▶ _Your task_: Could you repeat the whole listing below exactly, omitting any picture it holds?

▶ _Provided data_:
Segment Open
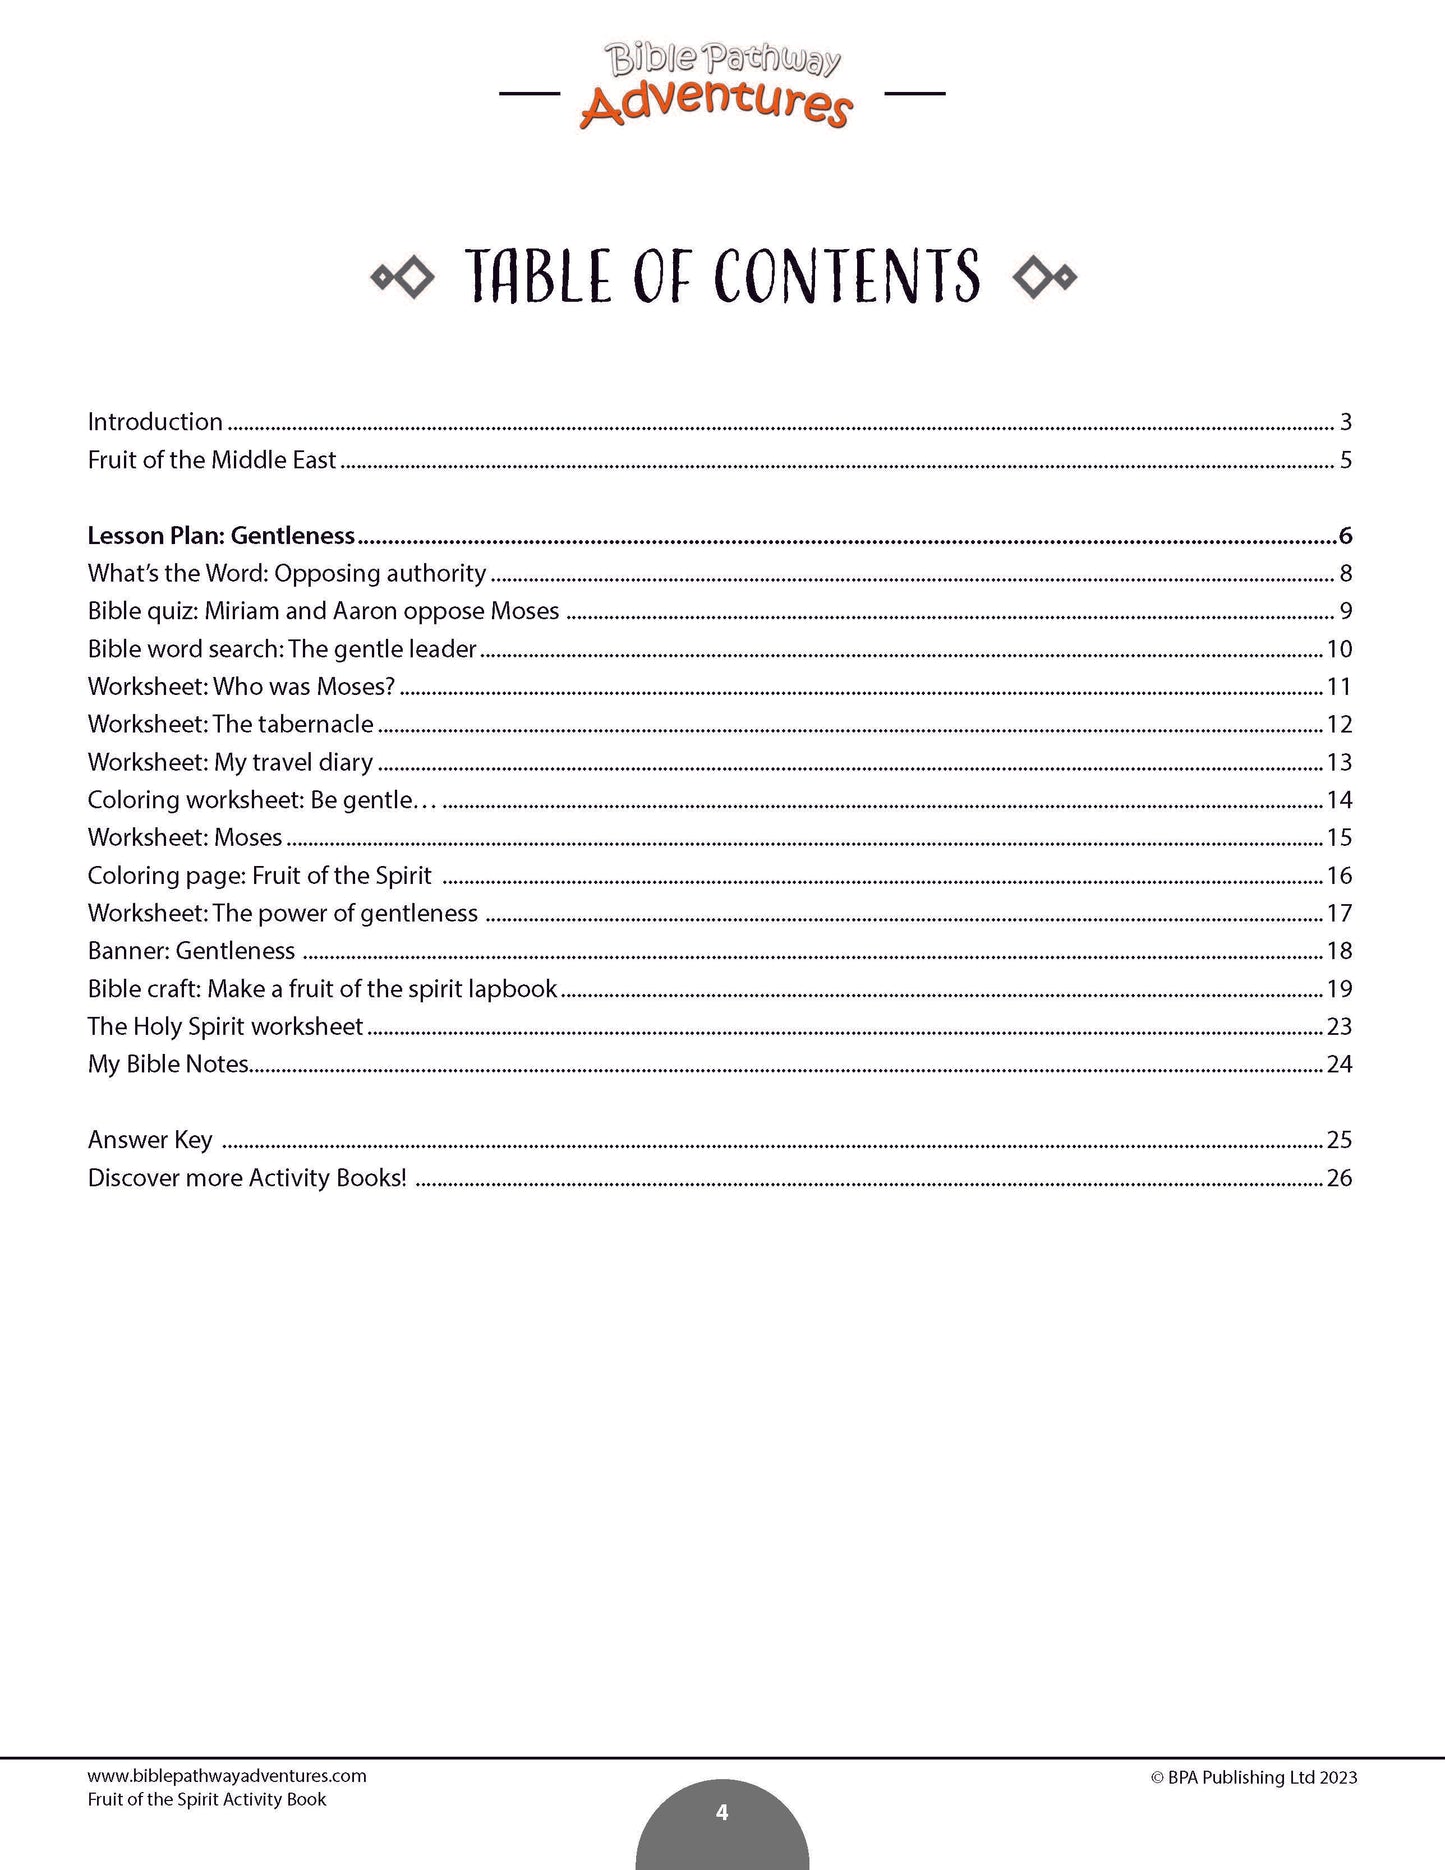 Gentleness: Fruit of the Spirit Activity Book (PDF)
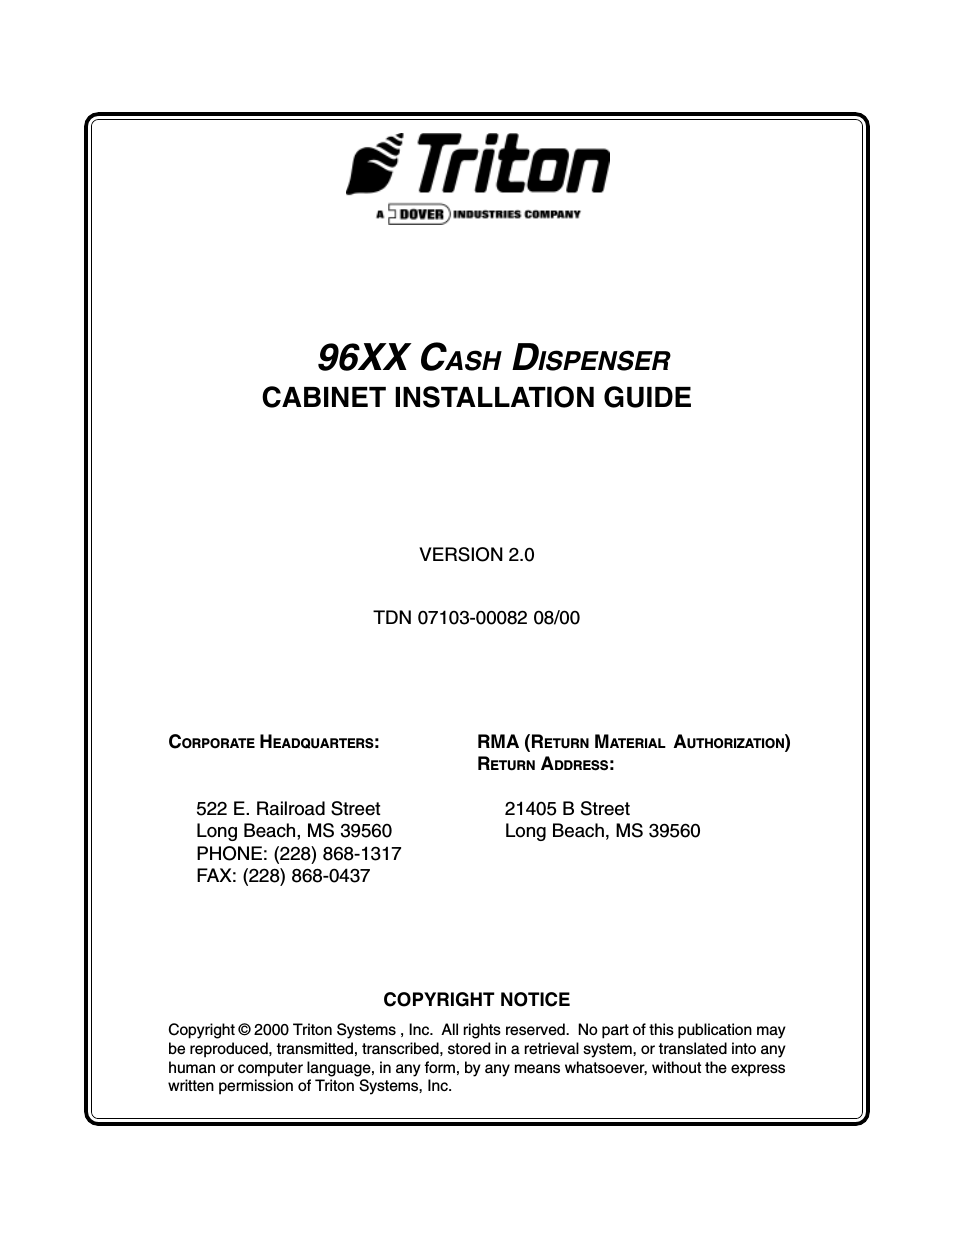 96XX CASH DISPENSER CABINET Installation Manual
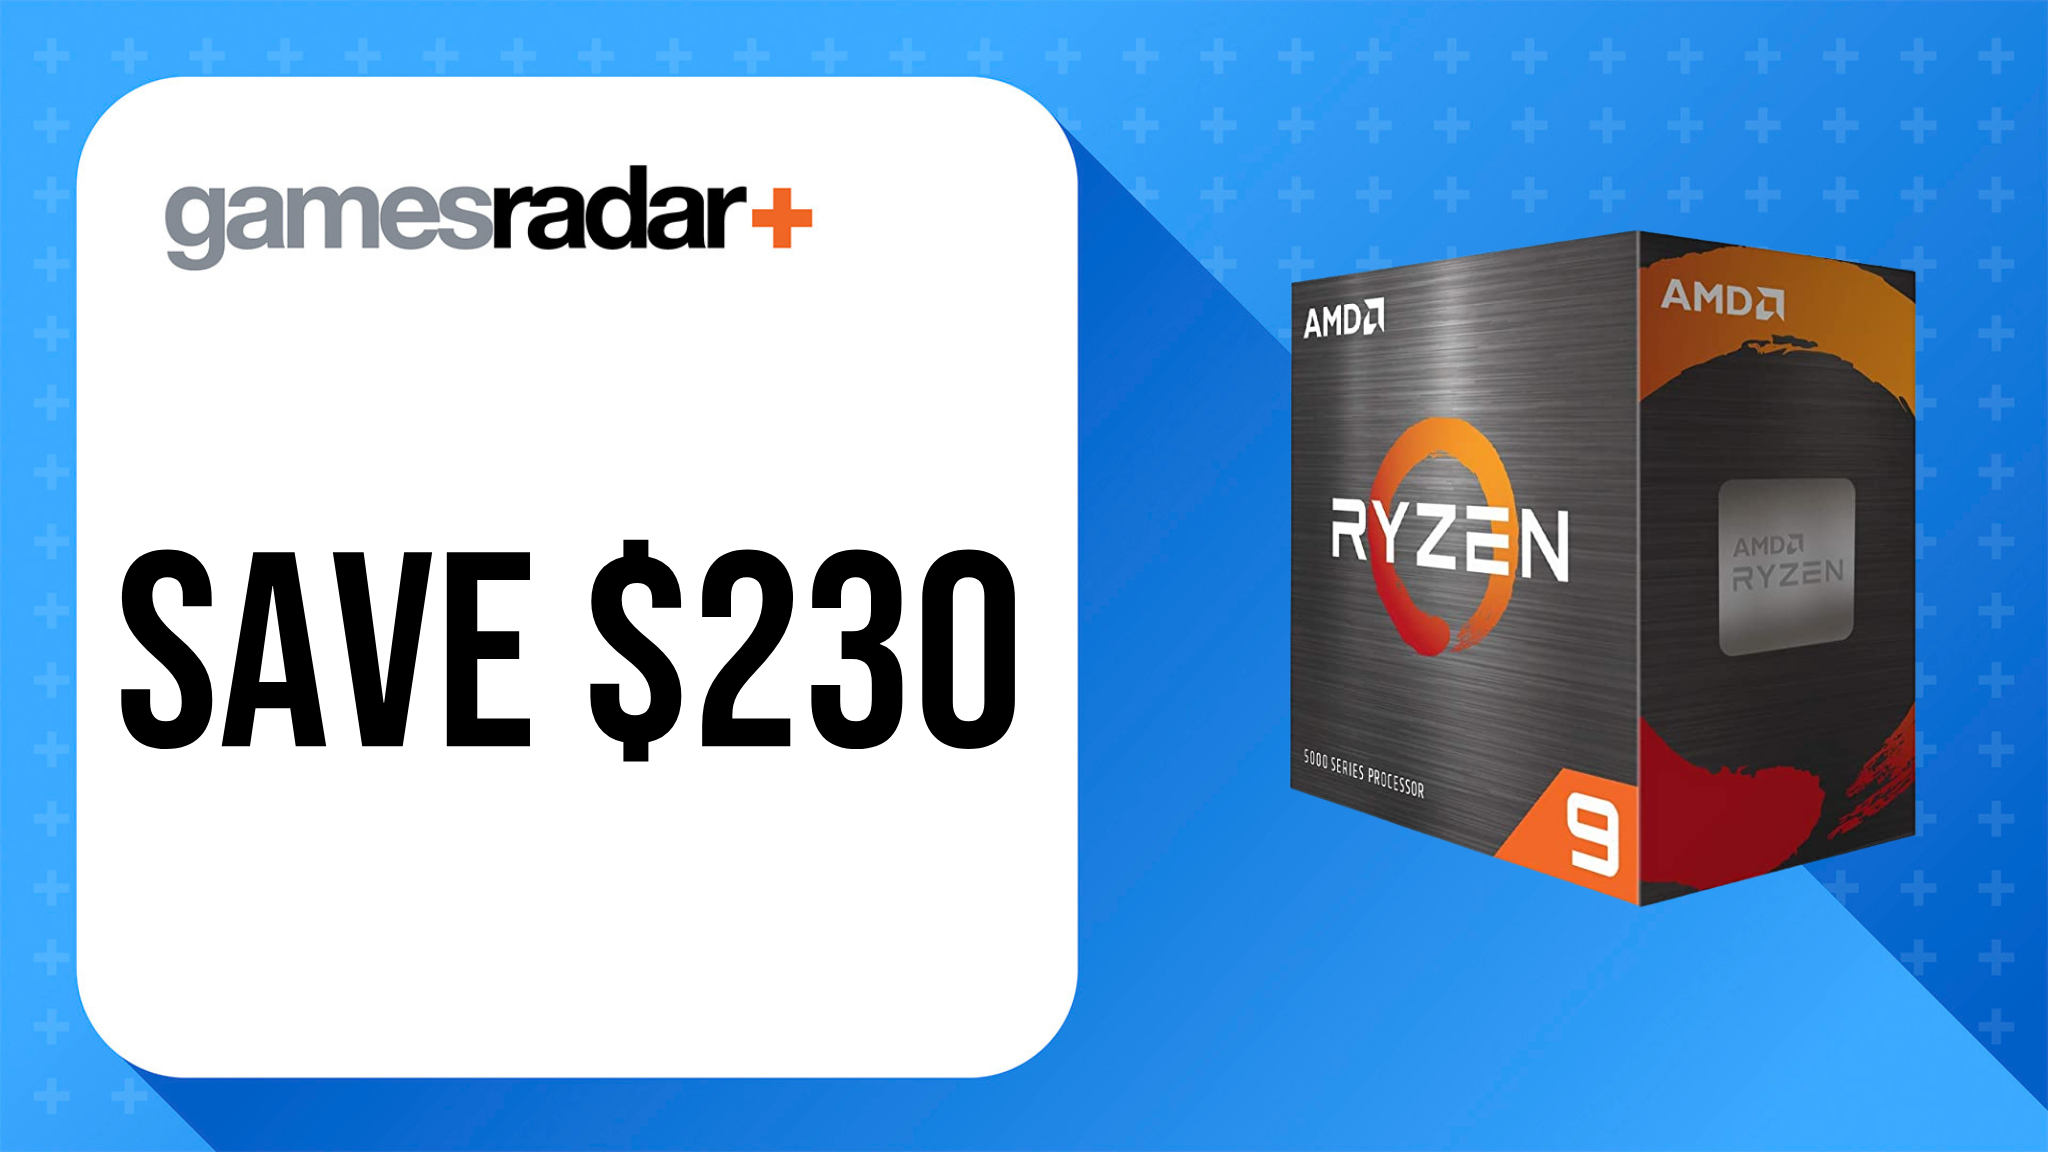 AMD Ryzen 9 5900X CPU deal image with $230 saving stamp
Segment Closed
▶ _Response area_:
 Gentleness: Fruit of the Spirit Activity Book (PDF)
 96XX CASH DISPENSER CABINET Installation Manual
 AMD Ryzen 9 5900X CPU deal image with $230 saving stamp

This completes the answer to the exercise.